Terminaron un par de horas después y Vero estaba muy feliz, pero nosotros agradecimos la invitación y nos despedimos. Mariana me acercó al metro y fui a mi casa. Desperté tarde y me quedé viendo el futbol pues Fer me canceló ir a jugar para ver a una chica que nunca supe su nombre.

III

Cuando entré al comedor y la vi sentada con su hermoso pelo chino viendo su plato de queso en salsa de jitomate y en el fondo estaba Rodrigo todos murmuraban acerca de los de las alas rojas, de esos hombres gigantescos que aparecieron y empezaron sus vidas parsimoniosas entre nosotros.
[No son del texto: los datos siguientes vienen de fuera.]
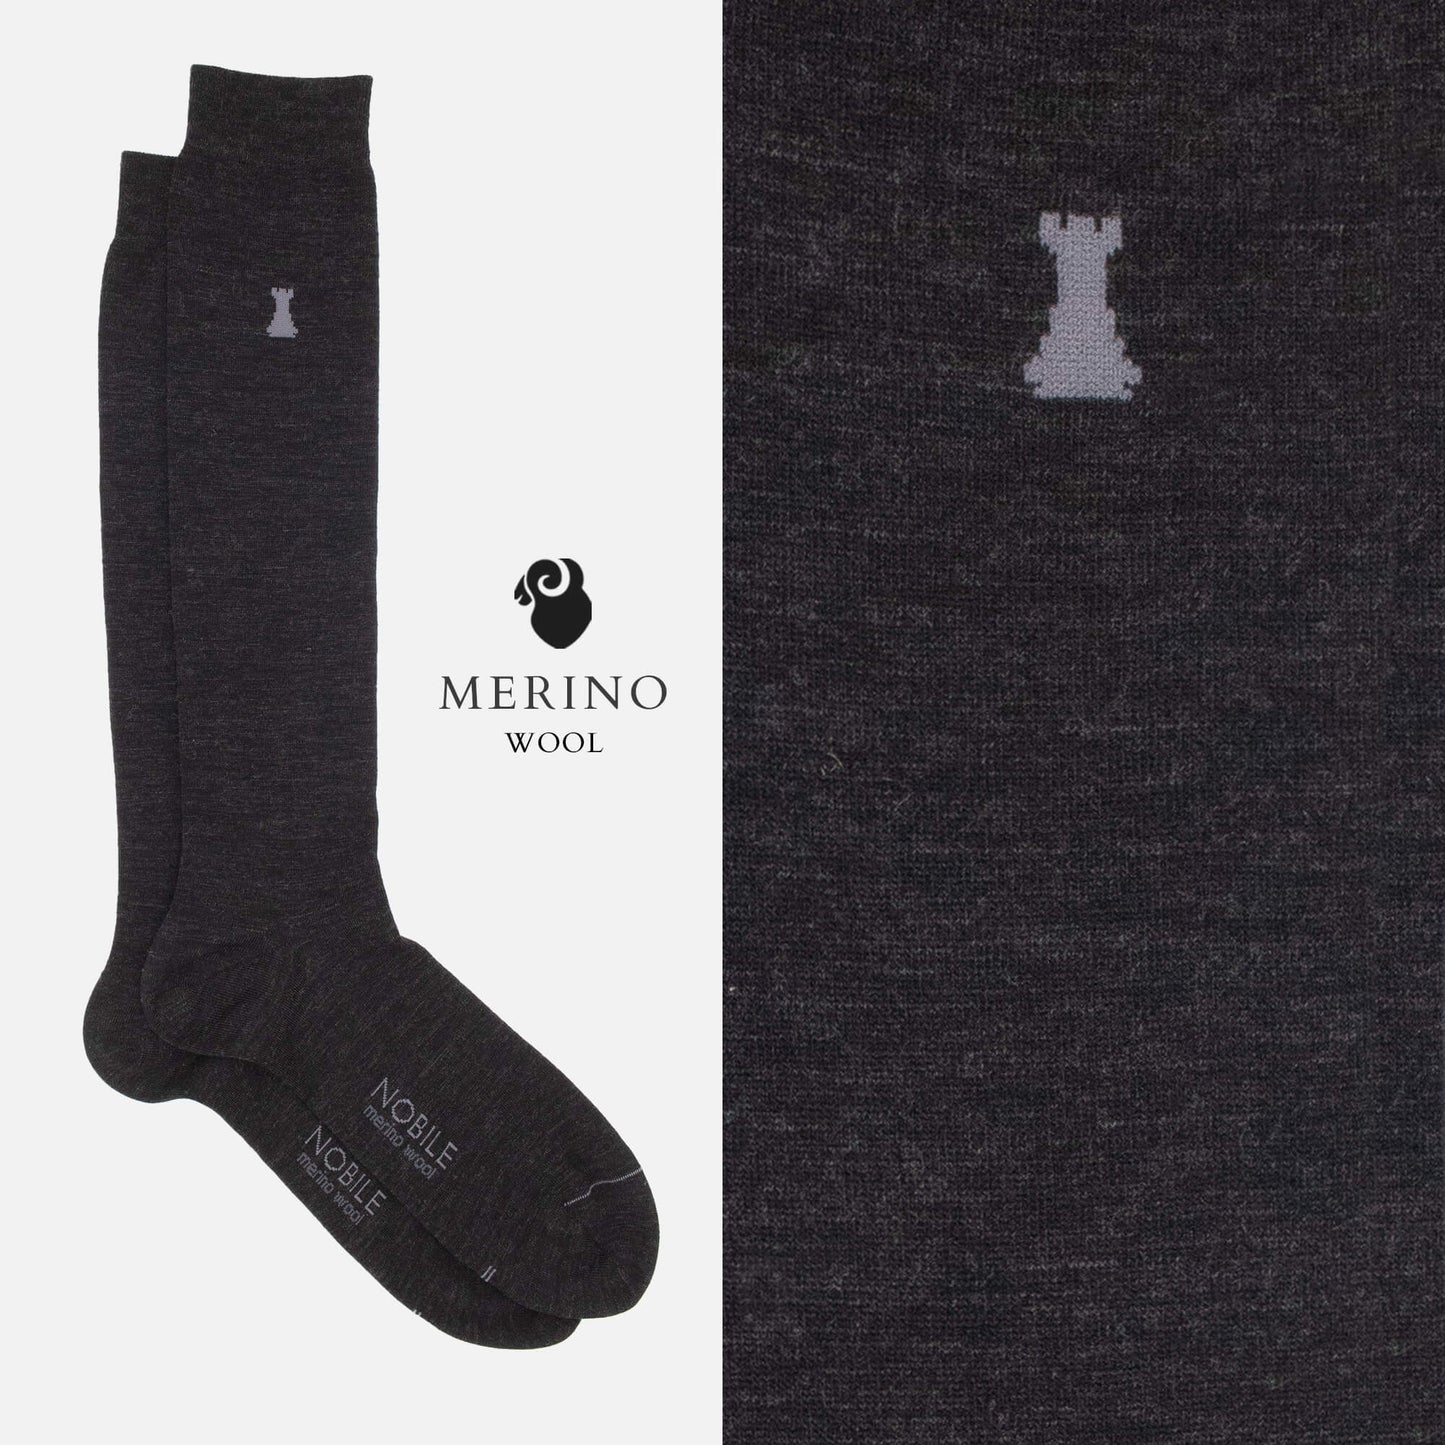 Merino Basic - Box of 6 knee high socks in solid color Merino wool

No había mucho que decir, eran seres callados, vigilantes, pacíficos, callados, como sombras, nada más. Nadie les temió nunca, eran como sombras que escapaban a nuestro entendimiento y por eso no los incluimos, pero no los rechazamos, se convirtieron en parte del paisaje.

La verdad es que la plática ya me tenía un poco cansado y me salí sin saludar a nadie, cuando vi que Alfonso se sentó frente a ella y ella lo vio y sonrió. Caminé un poco rumbo al metro y de pronto, sin aviso alguno, un carro se acercó a mi sin detenerse y de una de las ventanillas me arrojaron un huevo, el cual explotó en mi chamarra roja. Salí corriendo tras el carro, pero ellos aceleraron entre risas.

Me detuve jadeante con la ropa iba absorbiendo la clara de huevo, mientras mi cabeza hervía. Legué al metro y bajé al andén. Nada particular. 

Al llegar a mi casa, ya había desaparecido el coraje y la chamarra ya se había acostumbrado a la textura de aquella mancha. Fer se burló de mi mientras comíamos en el sillón unas palomitas de un tazón que mi mamá hizo.

La noche llegó frente a la televisión que pronosticaba las posibilidades del partido de futbol que estaba programado para la mañana siguiente. Mientras veía le tele, de reojo vi en la ventana a uno de esos hombres que, en la azotea de enfrente, se paraba sobre la cornisa sin camisa sin miedo.

Me paré discretamente detrás de mi cortina mientras lo veía. Él estiraba aquellas alas como de murciélago, como cuando uno extiende los brazos al despertar. Tenía la cara profundamente triste, no aleteo, no hizo nada, sólo veía al frente y arriba y sus extendía las alas. 

Todos sabíamos de aquellas alas, pero salvo las fotografías en el periódico nadie las había visto, pues todos las esconden bajo sus extraños ropajes. Estaba sorprendido y un poco celoso. La humanidad ha soñado toda la vida con poder volar, pero ellos no volaban, caminaban y se escondían. 

Lo vi y no estoy seguro de que me haya visto. Me quité discretamente de la ventana y me fui a prepararme para dormir. Quizá mañana vaya al cine o me quede a ver el futbol, quizá otro día la invite a salir, quizá hoy perdí mi oportunidad.